Principe[modifier | modifier le code]

Ce sont les universitaires James Wilson et Georges Kelling dans la revue américaine The Atlantic Monthly en 1982 qui définirent les premiers cette théorie sous ce nom reprenant un terme utilisé en 1973 pour une loi au New Jersey.

Leur théorie est illustrée par la « vitre brisée ». Si une vitre d'un bâtiment est brisée et n'est pas immédiatement remplacée, certains pourront en déduire que le bâtiment est abandonné et en voie de délabrement. En conséquence, d'autres vitres risquent d'être à leur tour brisées, les délinquants considérant que cela n'a aucune importance.

Cette théorie se base sur deux postulats :

  1. si le responsable d'une infraction n'est pas condamné immédiatement, il est incité à récidiver ;
  2. si les responsables d'infractions ne sont pas condamnés pour chaque infraction avec toute la sévérité que la loi autorise, ils vont progressivement dériver de la petite délinquance au crime.

En acceptant cela, la seule façon d'empêcher la récidive et l'escalade des infractions est d'agir immédiatement à chacune d'entre elles. En condamnant immédiatement les responsables, on persuade ces derniers que toute action contre la société entraîne une réaction immédiate et le sentiment d'impunité disparaît.

Cas de la ville de New York[modifier | modifier le code]

Statistiques des homicides à New York entre les années 1920 et 2009.

Les partisans de la « tolérance zéro » citent souvent l'exemple la ville de New York, dont le maire Rudy Giuliani a commencé à la faire appliquer en 1994.

La logique qui prévalait alors était de « restaurer la loi et la sécurité en donnant une réponse systématique à tous les faits pénaux, aussi mineurs soient-ils, mettant en cause l’ordre public »[4].

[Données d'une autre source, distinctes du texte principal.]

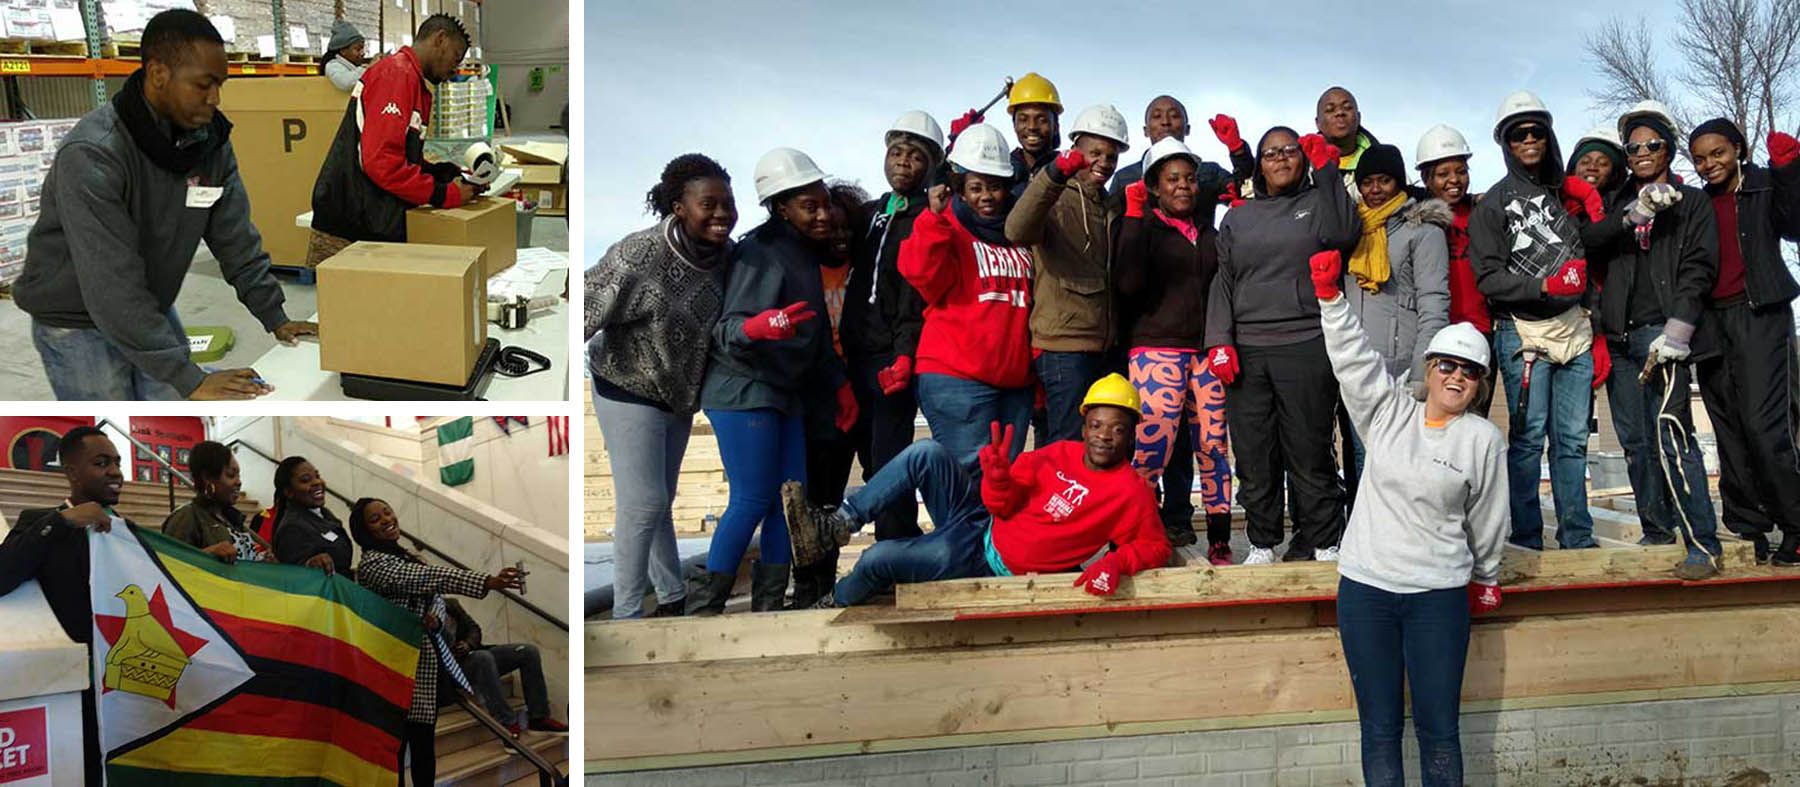 SUSI students from Africa participate in volunteer projects for Habitat for Humanity and a food bank

Pour l'application dans cette ville, quelqu'un qui vole une part de pizza deux fois de suite par exemple, fait de la prison ferme. Cela ne s'applique qu'à la petite délinquance, ce qui pose quelques problèmes concernant l'égalité des peines.

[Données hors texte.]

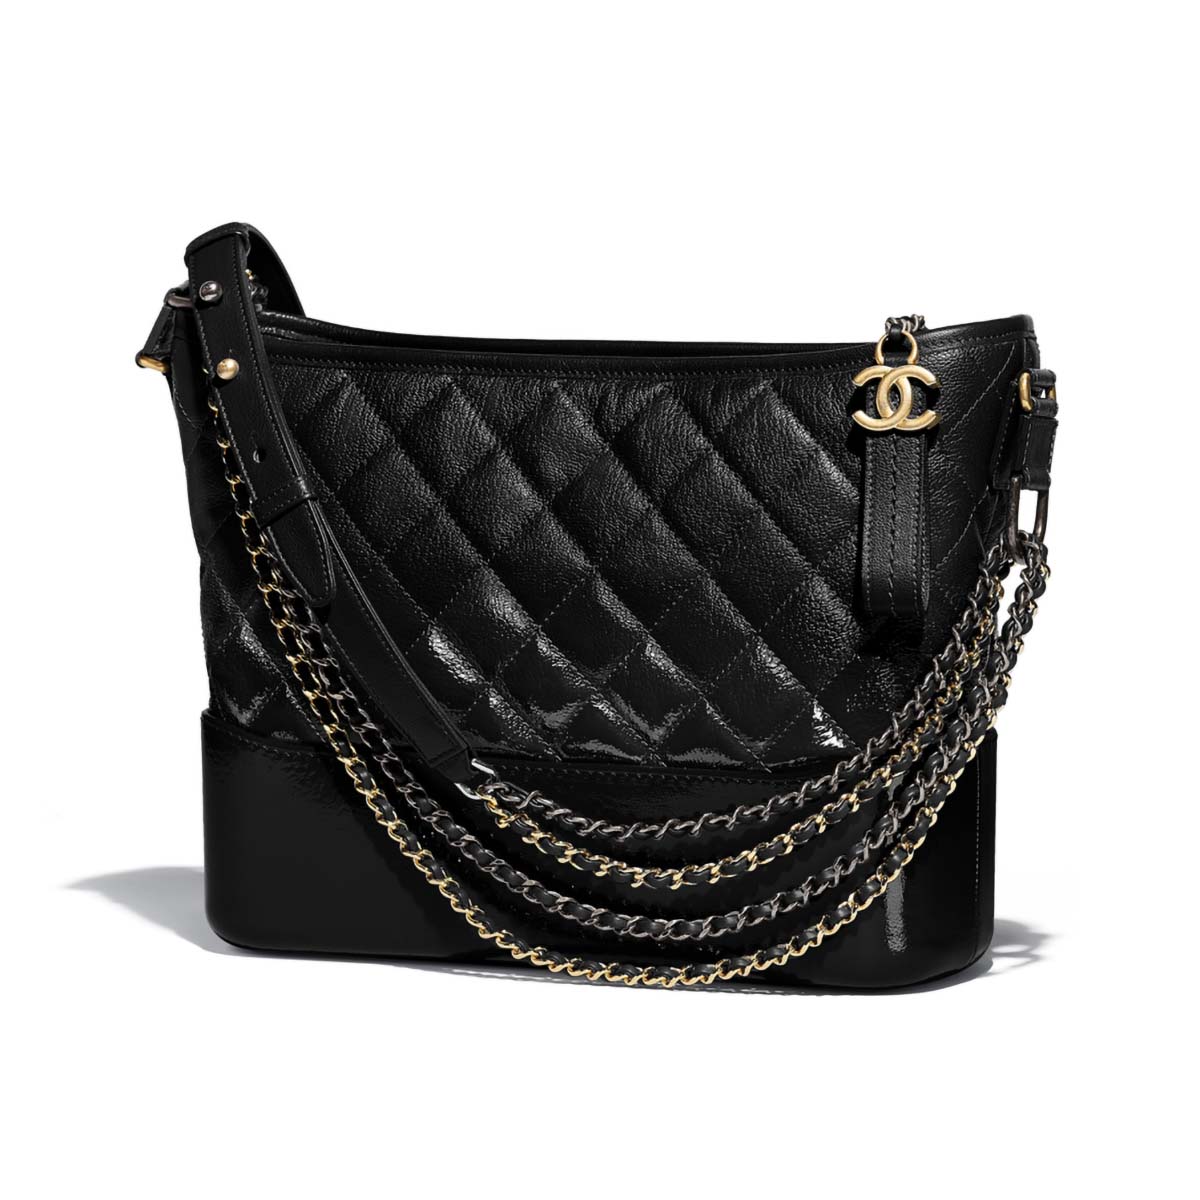 Chanel Gabrielle So Black small hobo bag in black chevron quilted

Le résultat, selon la ville de New York, après sept années d'application est une baisse de :

  • 65 % pour les homicides ;
  • 68 % pour les vols de voiture ;
  • 62,5 % pour les vols à la tire ;
  • 62 % pour les cambriolages ;
  • 36 % pour les viols ;
  • et 32 % pour les autres agressions physiques.

La ville de New York pratique aussi une importante présence policière (en quelques années, le nombre de policiers est passé de 30 000 à 40 000, pour une ville de 7,5 millions d'habitants). Cette présence a pour effet de faire baisser le sentiment d'insécurité (la présence policière étant généralement plutôt perçue comme sécurisante) et de permettre de contrôler davantage les populations et les groupes qui sont considérés par elle comme délinquants potentiels (groupes sujets à des pratiques à risques : toxicomanes, prostituées, SDF ou, ce qui pose nettement plus de problèmes de principe, groupes raciaux perçus comme à risque par la police : Afro-Américains, latino-américains, etc.)

Les interventions policières et leurs résultats sont également bien plus contrôlés par la hiérarchie. Ce que l'on attend de la police ce sont des résultats, autrement dit des arrestations. Pour avoir des chiffres et les statistiques qui en découlent, un système informatique a été mis en place, CompStat. Il permet de présenter les zones de la ville en se basant sur le nombre de plaintes, d'arrestations, de délits, de crimes, etc. Les responsables policiers sont ensuite sommés de rendre des comptes régulièrement et d'expliquer leurs méthodes pour faire baisser la criminalité dans les zones qui posent problème. Si les responsables des commissariats ne règlent pas ces problèmes dans les plus brefs délais, ils sont renvoyés[5].

Responsabilité dans la baisse de la criminalité[modifier | modifier le code]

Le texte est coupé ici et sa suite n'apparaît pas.